I have tried it (all of it) even before you wrote it here,
because
I have completely the same ideas, but to be fair it has
almost zero
effect on speed.
There is my version (It still use OOP, but I have try it wit
Printer and Counter to be structs and it has no effect at
all) [2]https://paste.ofcode.org/38vKWLS8DHRazpv6MTidRJY
The only difference in speed in the end is caused by hash
implementation of dlang associative arrays and rust HashMap,
actually if you modify rust to not used ahash it has almost
same
speed as D
[...]
I'm confused by the chained hashing of the digits. Why is that
necessary? I would have thought it'd be faster to hash the
entire key instead of computing the hash of each digit and
chaining them together.
Hash which key? The problem of the naive hashtable-based
algorithm is that we don't know the length of the key. So all
lengths are tried starting from 1 and up to the remaining part of
the phone number. An additional optimization would be to limit
this search and terminate it early. For example, stop after we
exceed the length of the longest word from the dictionary. Or
stop the search upon encountering certain "leaf" words, but this
effectively morphs the algorithm into something that partially
resembles Trie. And further evolving it we may end up with a
full-fledged Trie.
The only practical value of this algorithm is that it's easy to
implement and has low LOC count. My initial non-optimized naive
version was also similar
https://gist.github.com/ssvb/abe821b3cdba7fcb7f3c3cecde864153 (66
lines including blank lines and some comments). This is somewhat
comparable to the Lisp results
https://flownet.com/ron/papers/lisp-java/raw-results.html or to
the Peter Norvig's solution http://www.norvig.com/java-lisp.html
The purpose of the initial implementation "prototype" is just to
have some sort of a starting point. And if the runtime
performance doesn't matter, then we are already done. But if the
runtime performance does matter, then a lot of things can be
rapidly improved by spending a bit of time on it. Eventually one
runs out of ideas and further optimization efforts yield only
diminishing returns.

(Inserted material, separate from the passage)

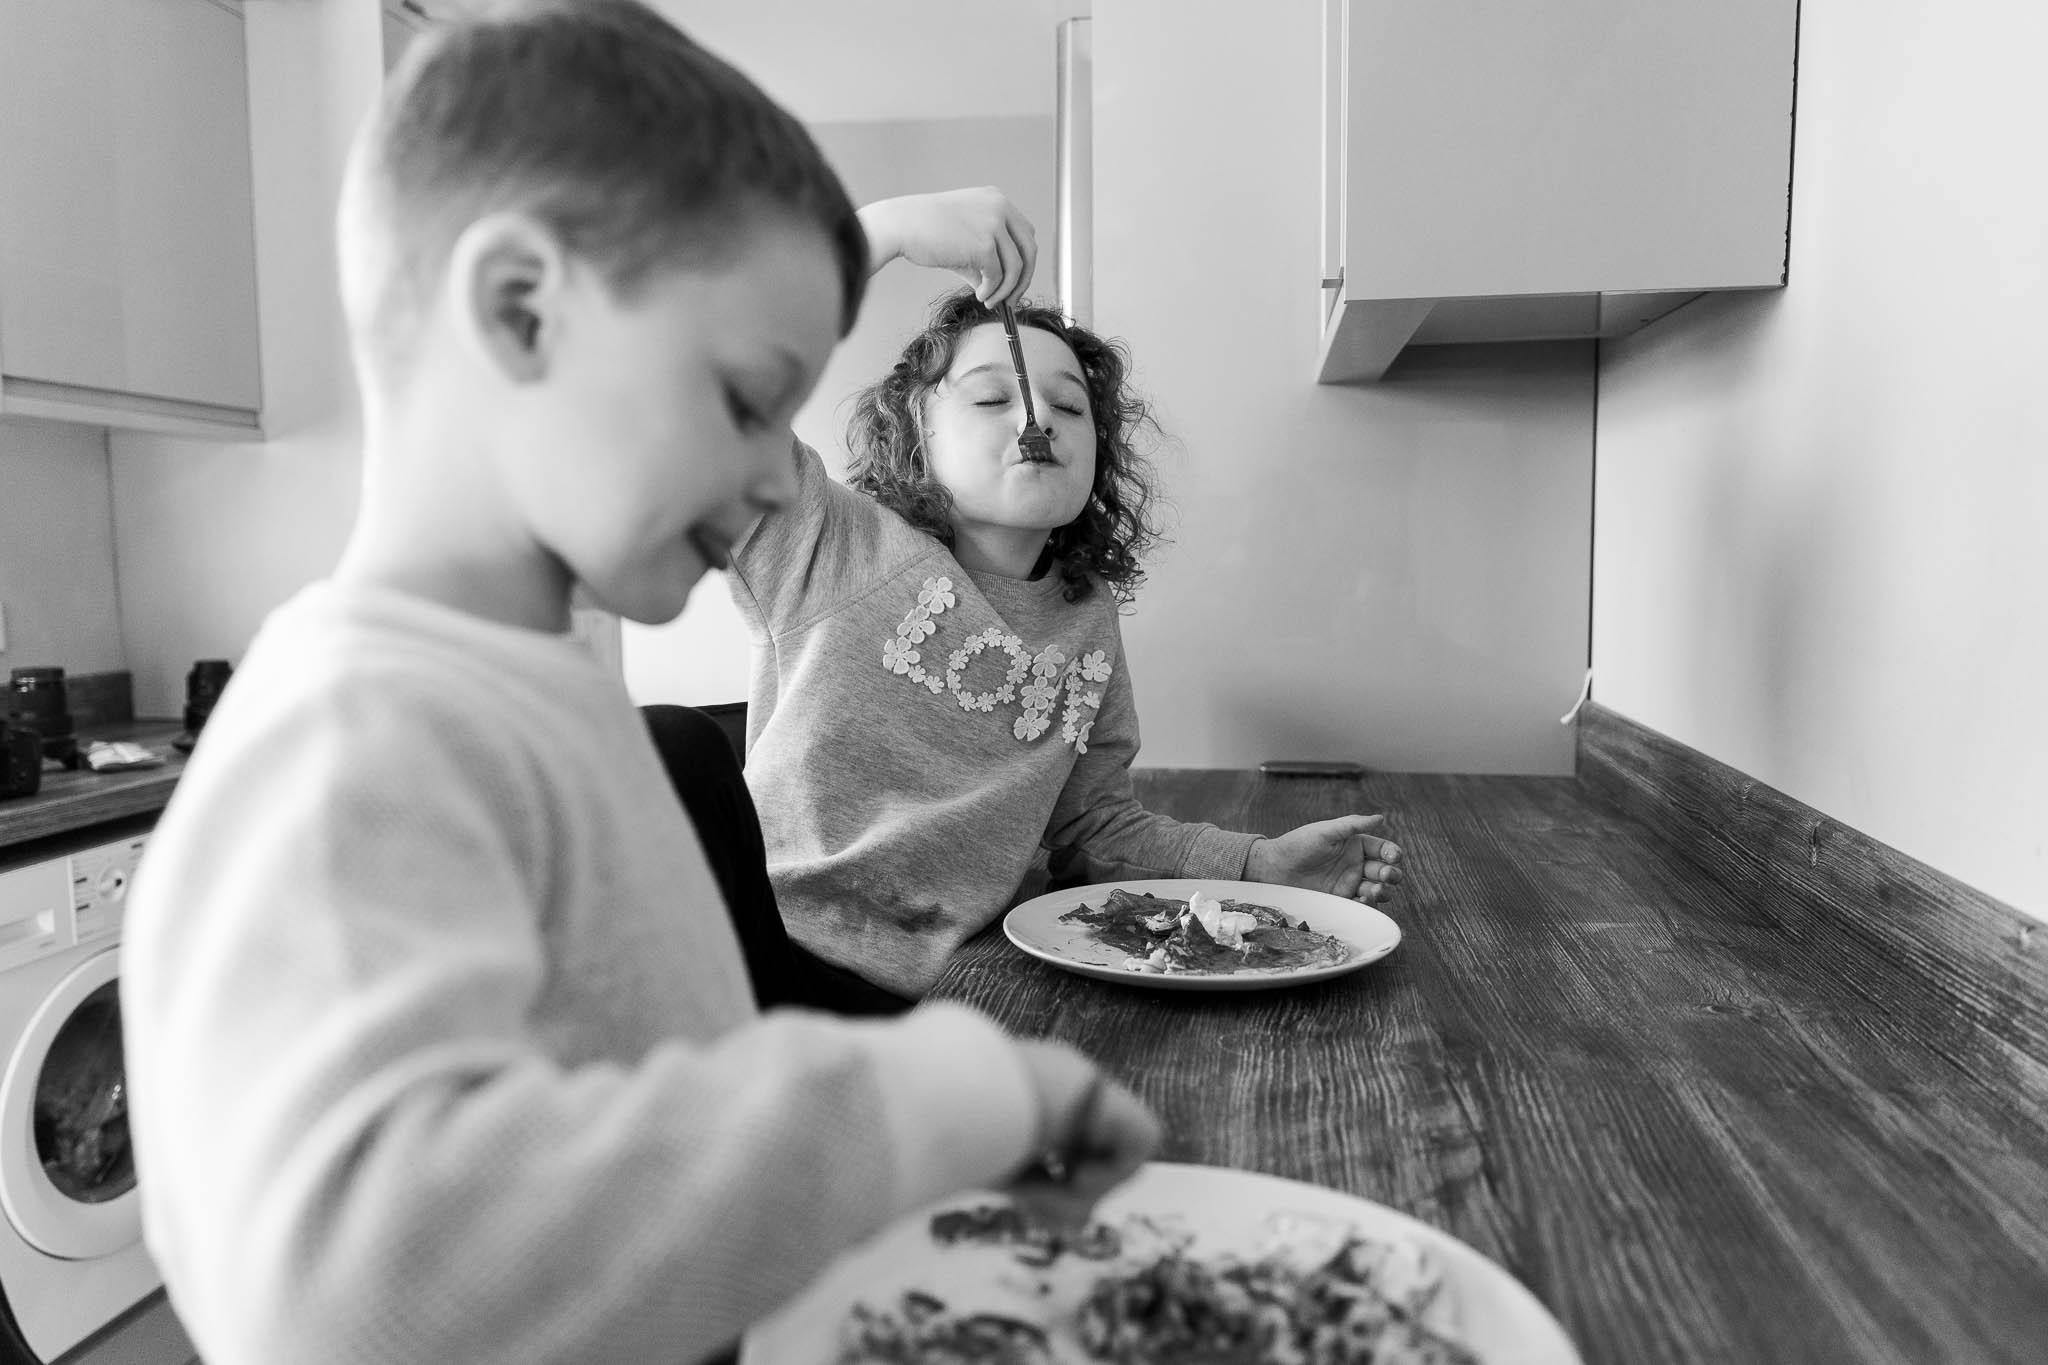 kids eating their home made pancakes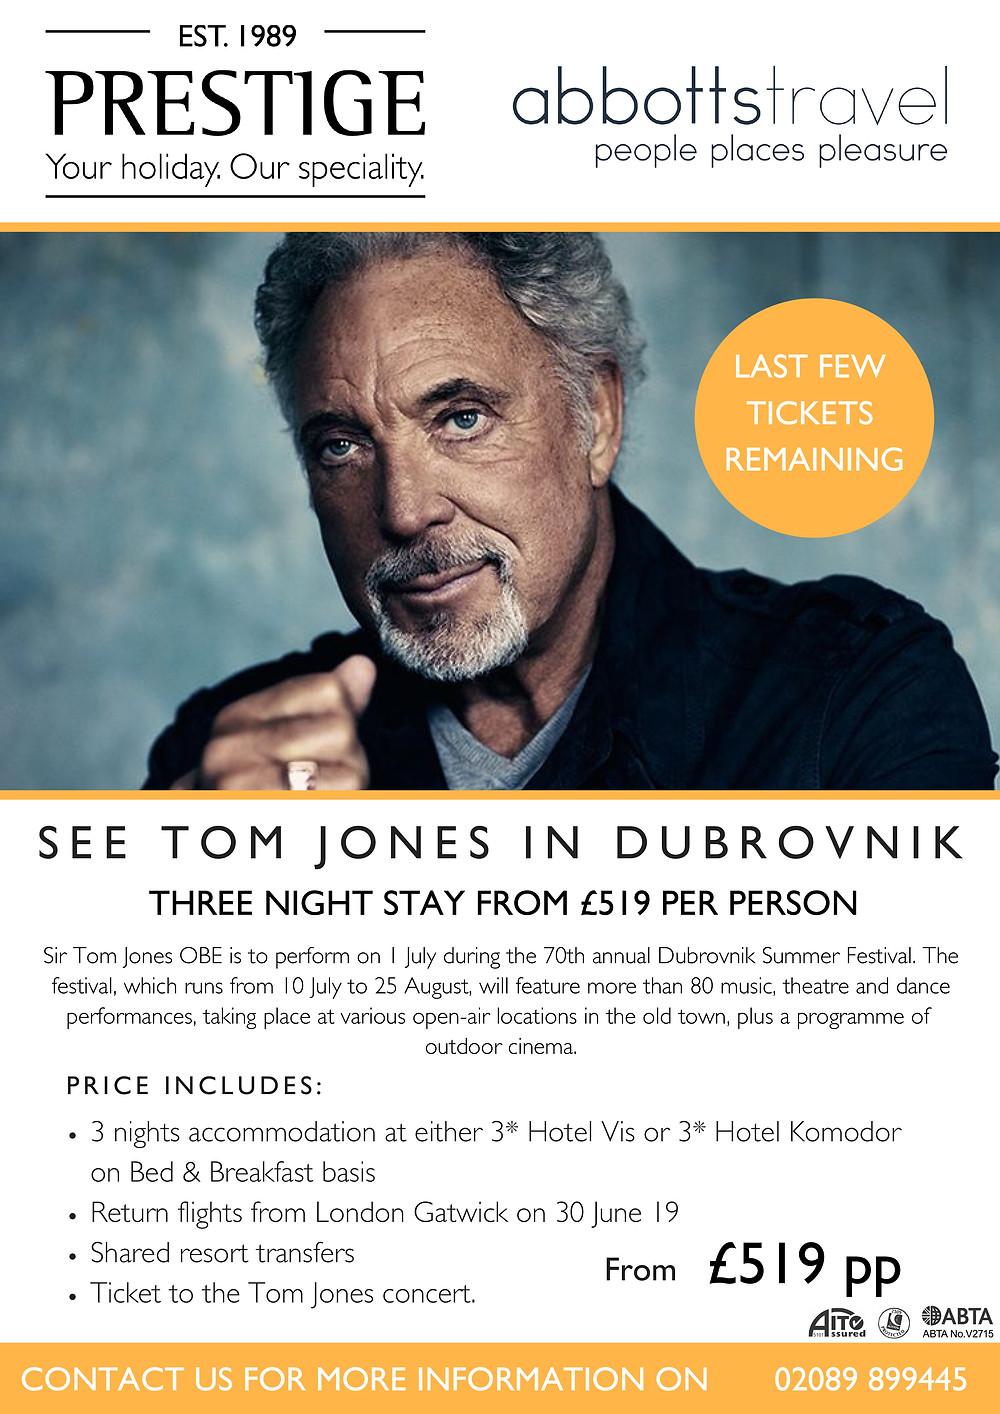 See Tom Jones in Dubrovnik

That's when it's a good time to clean up the
code, add comments, etc. and label it as the "final" version.
I think that a good study, that intends to compare different
programming languages against each other, could take all these
factors into consideration: time to implement the "prototype",
runtime performance of the prototype, time to implement the
"final" version, runtime performance of the final version, the
number of lines of code and its readability/maintainability.